Muitos no governo têm a consciência de que o fim da sensação de bem-estar social é questão de tempo. Trabalhadores que se endividaram com o carro, a casa própria, o tablet, as viagens internacionais voltarão para casa sem a garantia dos salários e com dívidas enormes a arcarem. Neste momento, os panelaços e os buzinaços não se restringirão mais às áreas nobres das capitais. Acabará a divisão de classe que os petistas teimam em incentivar no país. As ruas serão de todos.

Rebaixamento mais próximo

» Para Luciano Rostagno, economista-chefe do Banco Mizuho, se as manifestações populares crescerem, como se imagina, diante da piora da economia, as agências de classificação de risco poderão apressar o rebaixamento do Brasil.

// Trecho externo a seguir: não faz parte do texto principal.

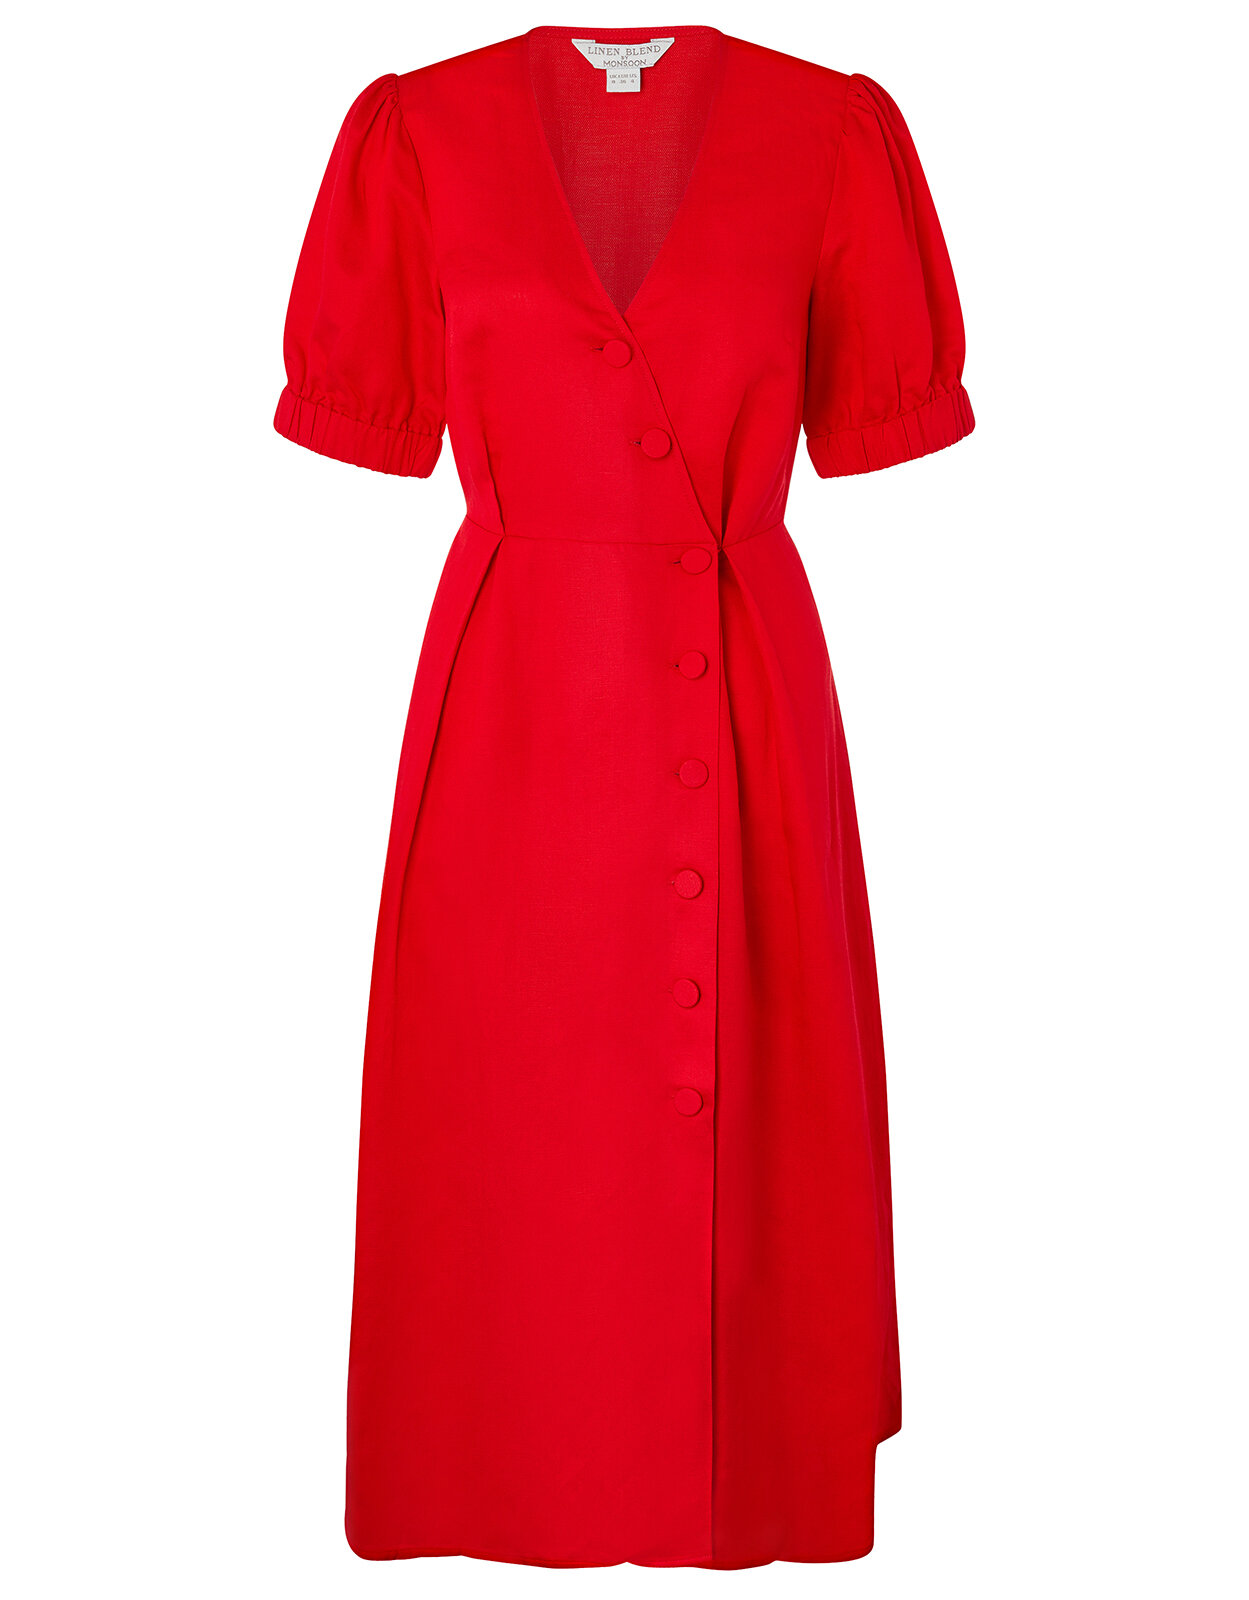 Dress, £65, Monsoon
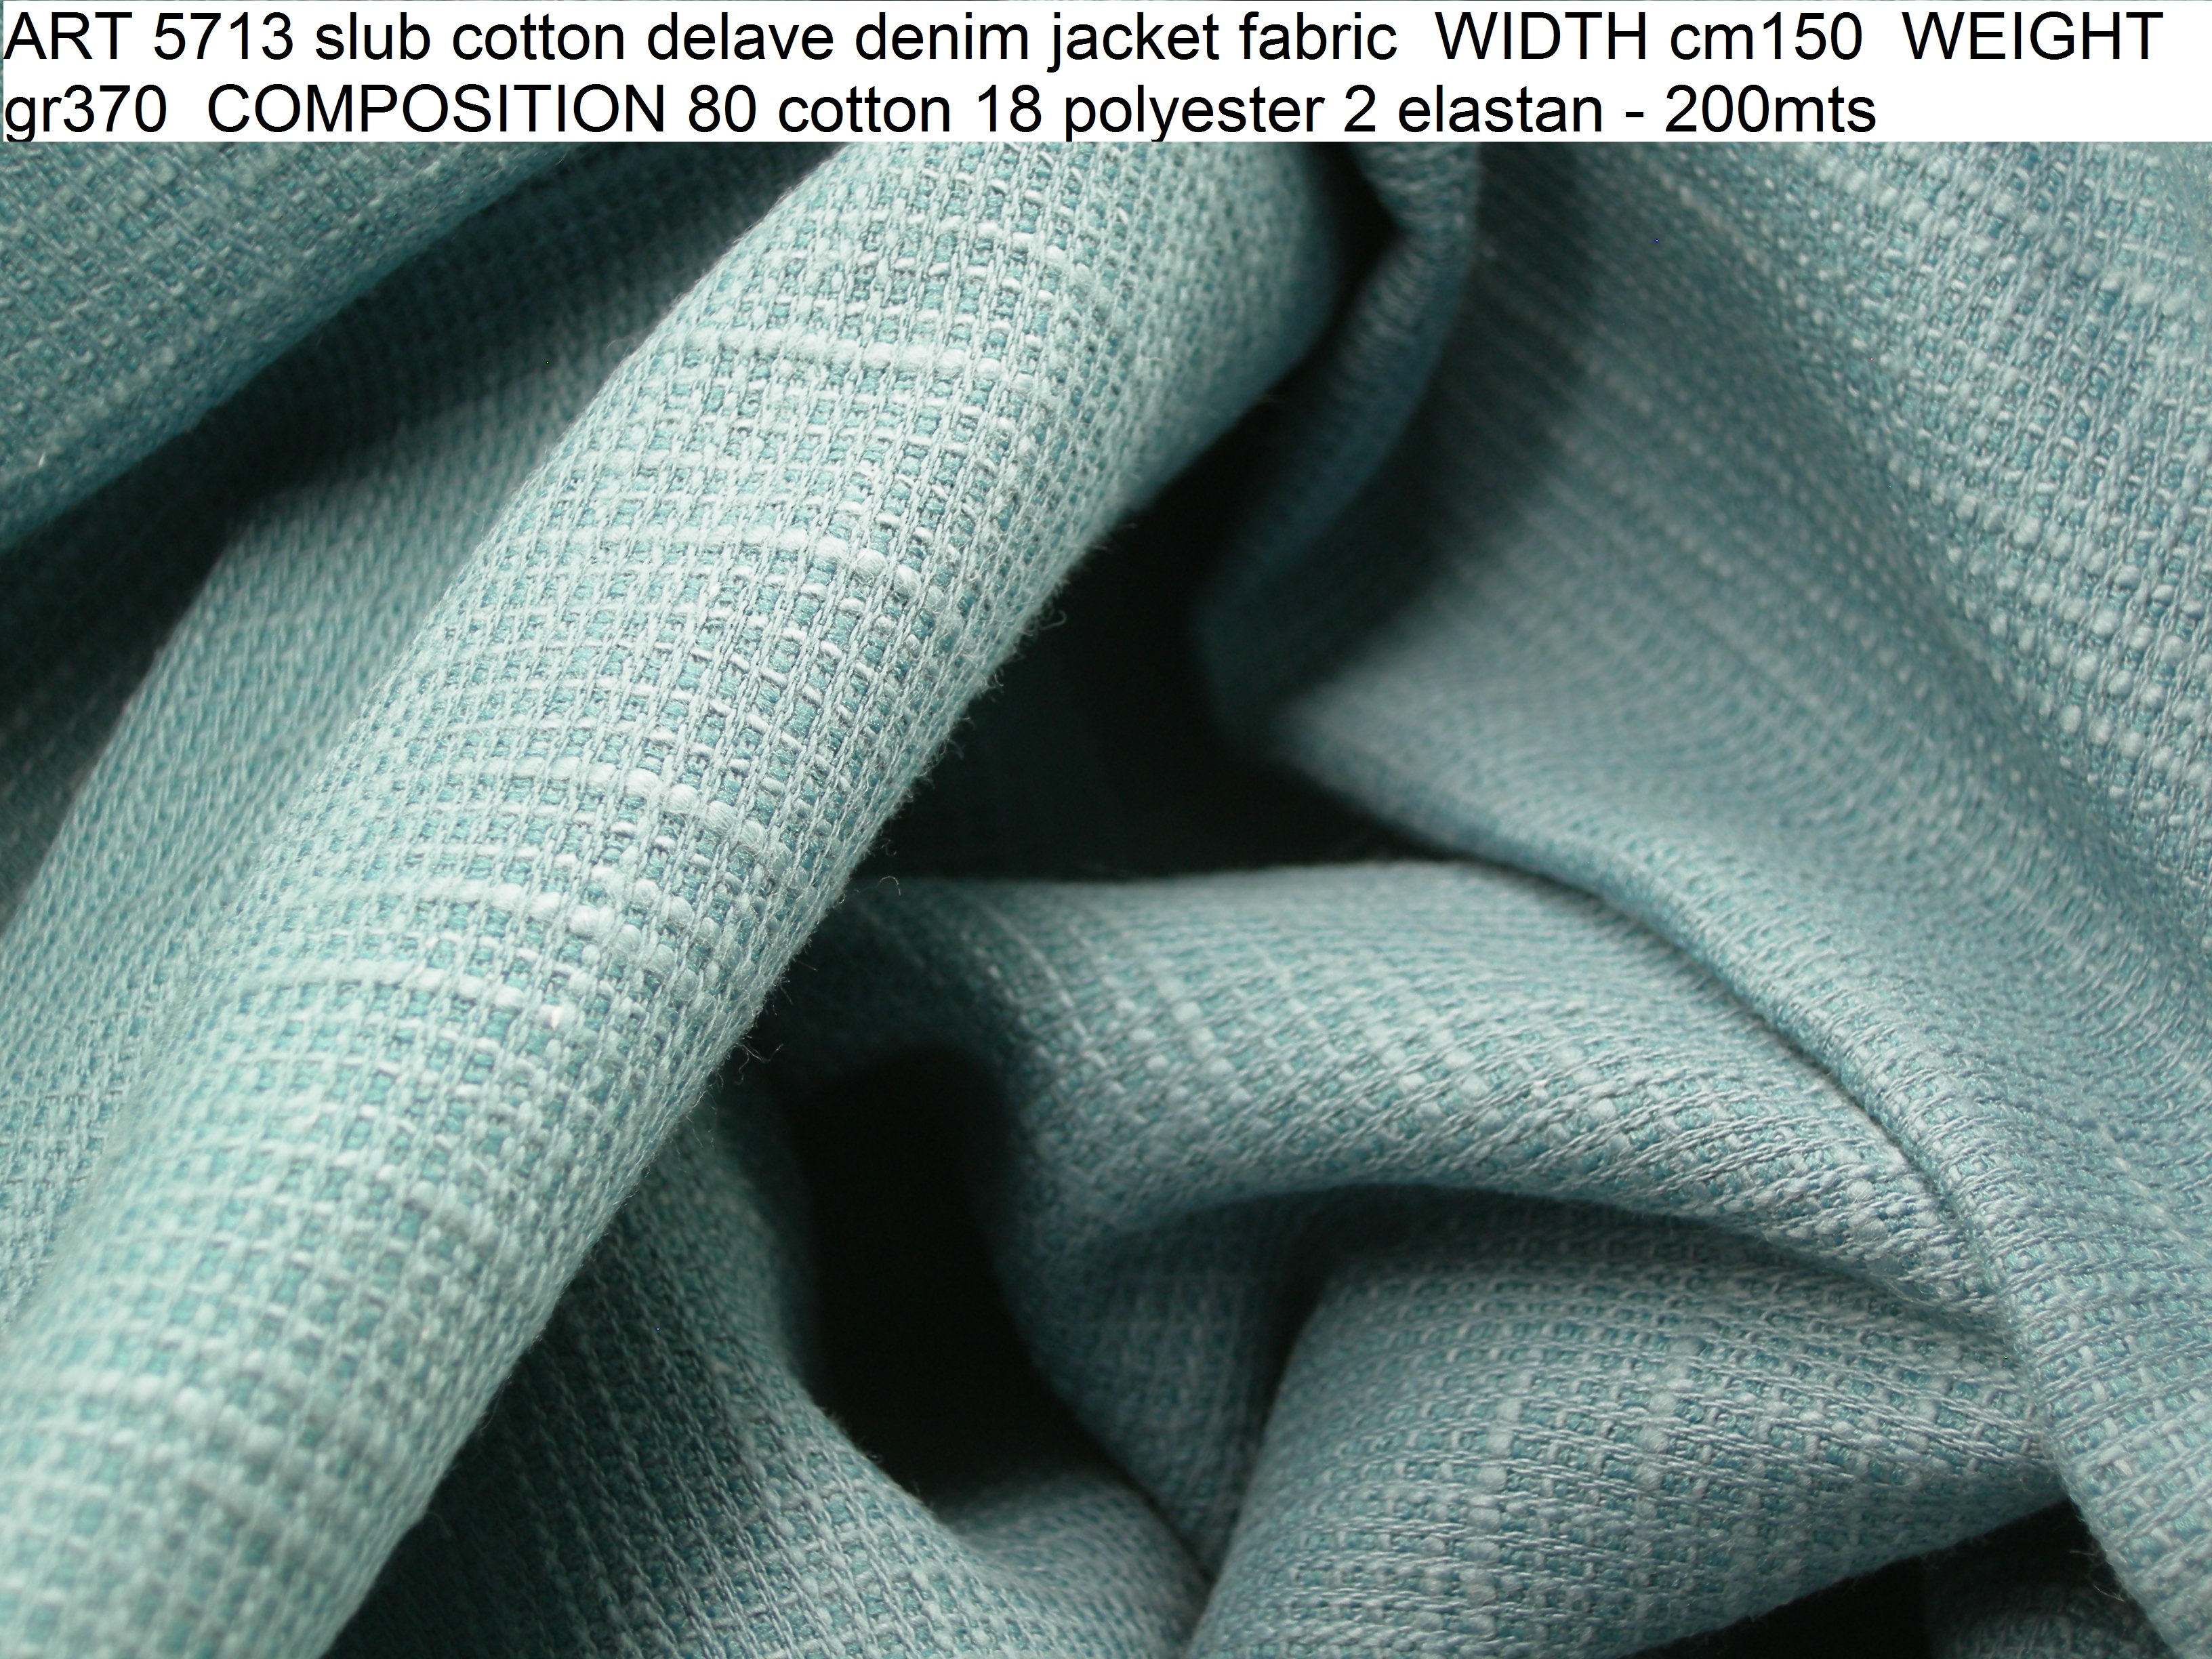 ART 5713 slub cotton delave denim jacket fabric WIDTH cm150 WEIGHT gr370 COMPOSITION 80 cotton 18 polyester 2 elastan - 200mts

Ele lembra que os protestos de junho de 2013 pesaram na decisão da Standard & Poor’s (S&P) de cortar a nota e deixar o país a um degrau no nível especulativo.

Juros ainda maiores

» Diante da fragilidade do governo, que enfrenta sérias dificuldades para lidar com as crises política e econômica, os investidores passaram a apostar na possibilidade de o Banco Central elevar a taxa básica de juros (Selic) em 0,75 ponto percentual em abril, para 13,50% ao ano. Quanto mais o Planalto demorar para aprovar o ajuste fiscal, maior terá de ser o arrocho promovido pelo BC. Até a semana passada, o consenso era de que a autoridade monetária subiria a Selic em 0,25 ponto e encerraria o ciclo de alta.

Colhendo os frutos

» Desde que os juros começaram a subir, em abril de 2013, a taxa básica passou de 7,25%, o menor patamar da história, para 12,75% ano — alta acumulada de 5,5 pontos. Esse aperto monstruoso só contribuiu para empurrar a atividade para o buraco. Parte disso, contudo, não seria necessário se Dilma Rousseff não tivesse sido tão leniente com a inflação.

Respeito e maturidade

» Manifestações são importantes e fazem parte do regime democrático. Mas é preciso respeito e saber claramente as consequências que virão delas. O Brasil tem dado demonstrações estupendas de maturidade. Não pode recuar agora.